A warrant may be required to search the contents of a container when its owner's expectation of privacy relates to the contents of that container, rather than to the container itself. United States v. Chadwick, 433 U.S. 1, 10-11, 97 S.Ct. 2476, 2483, 53 L.Ed.2d 538 (1977). Similarly, an officer's authority to possess a package is distinct from his authority to examine its contents. Walter v. United States, 447 U.S. 649, 100 S.Ct. 2395, 65 L.Ed.2d 410 (1980) (Court found reasonable expectation of privacy in contents of film carton). See also United States v. David, 756 F.Supp. 1385 (D.Nev.1991) (defendant's computer memo book entitled to same Fourth Amendment protection as any other closed container).

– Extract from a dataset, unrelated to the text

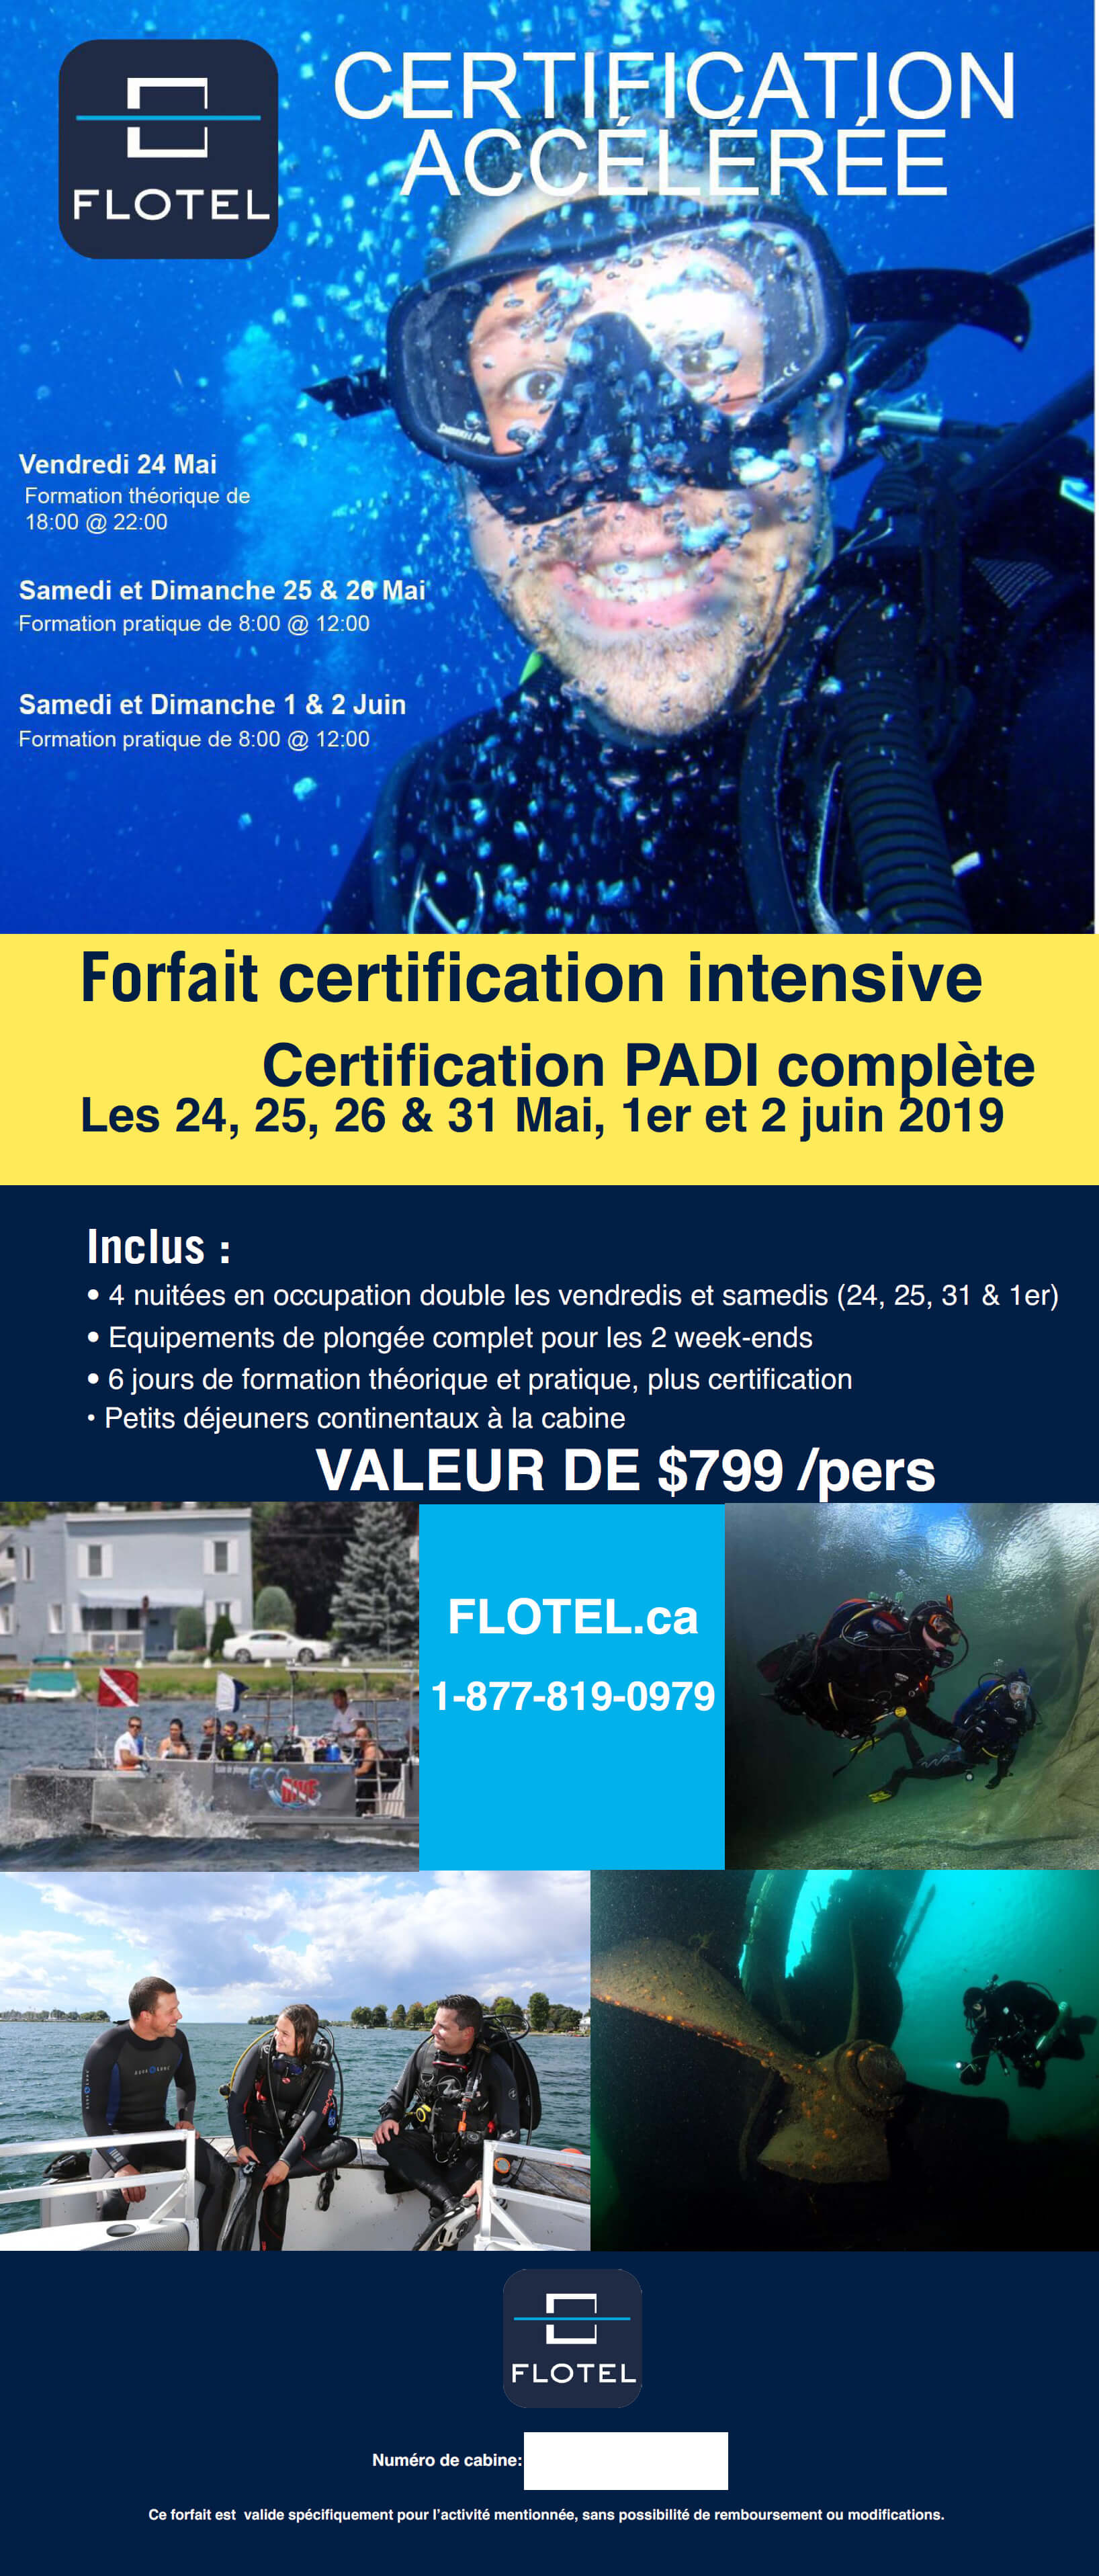 Forfait Plongee Certification Flotel Inc

The expectation of privacy in a pager, while analogous to other closed containers, has apparently never been addressed by the Ninth Circuit. In the only federal appellate case dealing with this subject, the Sixth Circuit found that the transmitter of a number to an electronic pager had no expectation of privacy when the number was subsequently seized from the pager. United States v. Meriwether, 917 F.2d 955 (6th Cir.1990). The context in which the issue arose in Meriwether, however, differs significantly from the case at hand. There, a government agent seized a pager from a suspected drug dealer pursuant to a warrant which authorized the agent to search for and seize "telephone numbers of customers, suppliers, and couriers." The pager was seized in the "on" position, and the agents subsequently recorded the next forty telephone numbers received by the pager. The agents randomly chose the defendant's number from among the forty, and arranged a drug deal which led to the defendant's arrest.

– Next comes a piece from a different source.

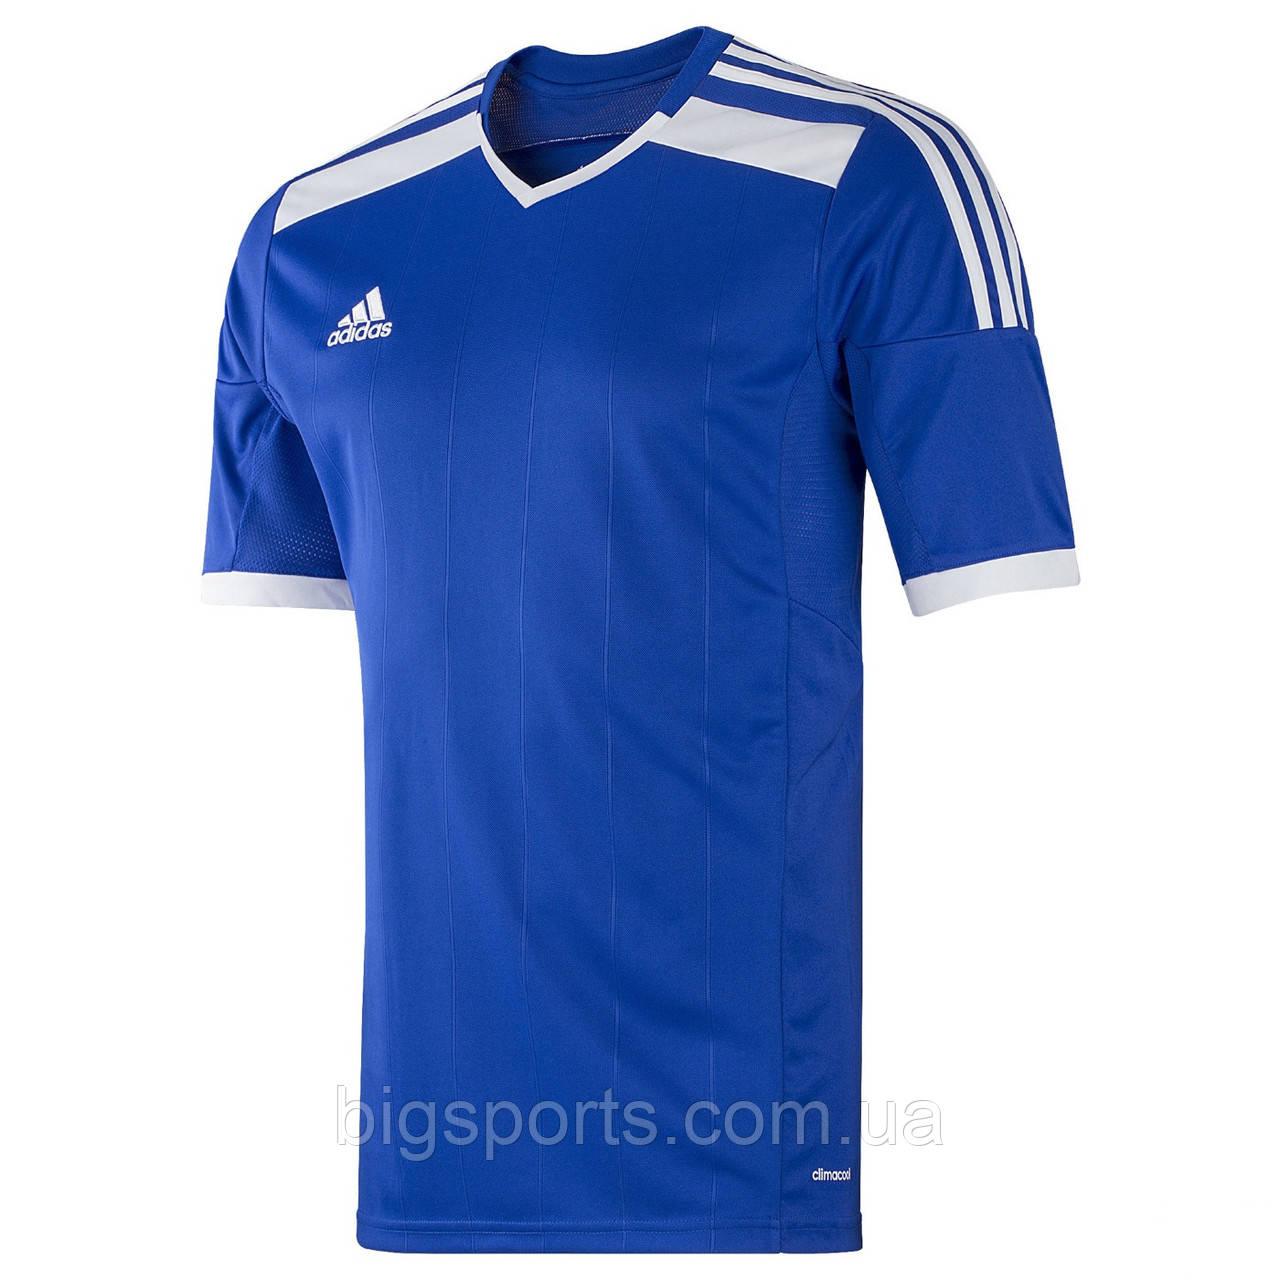 Футболка муж. Adidas REGI 14 JSY (арт. F50009)

The Sixth Circuit rejected the defendant's argument that he had a reasonable expectation of privacy when he transmitted the number to the pager. The court reasoned that when a person sends a message to a pager, he or she runs the risk that the message will be received by whomever is in possession of the pager. The expectation of privacy is less than when making a phone call because the transmitter has no control over, or knowledge of, who is receiving the message. Additionally, the court found that the seizure was within the scope of the warrant because it considered the pager analogous to a personal telephone book.

The Court declines to apply the reasoning of Meriwether to this case. The instant case, unlike Meriwether, deals with the privacy rights of the person in possession of the pager. In contrast to the transmitter of a message to a pager, the possessor of the pager has control over the electronically stored information. The expectation of privacy in an electronic repository for personal data is therefore analogous to that...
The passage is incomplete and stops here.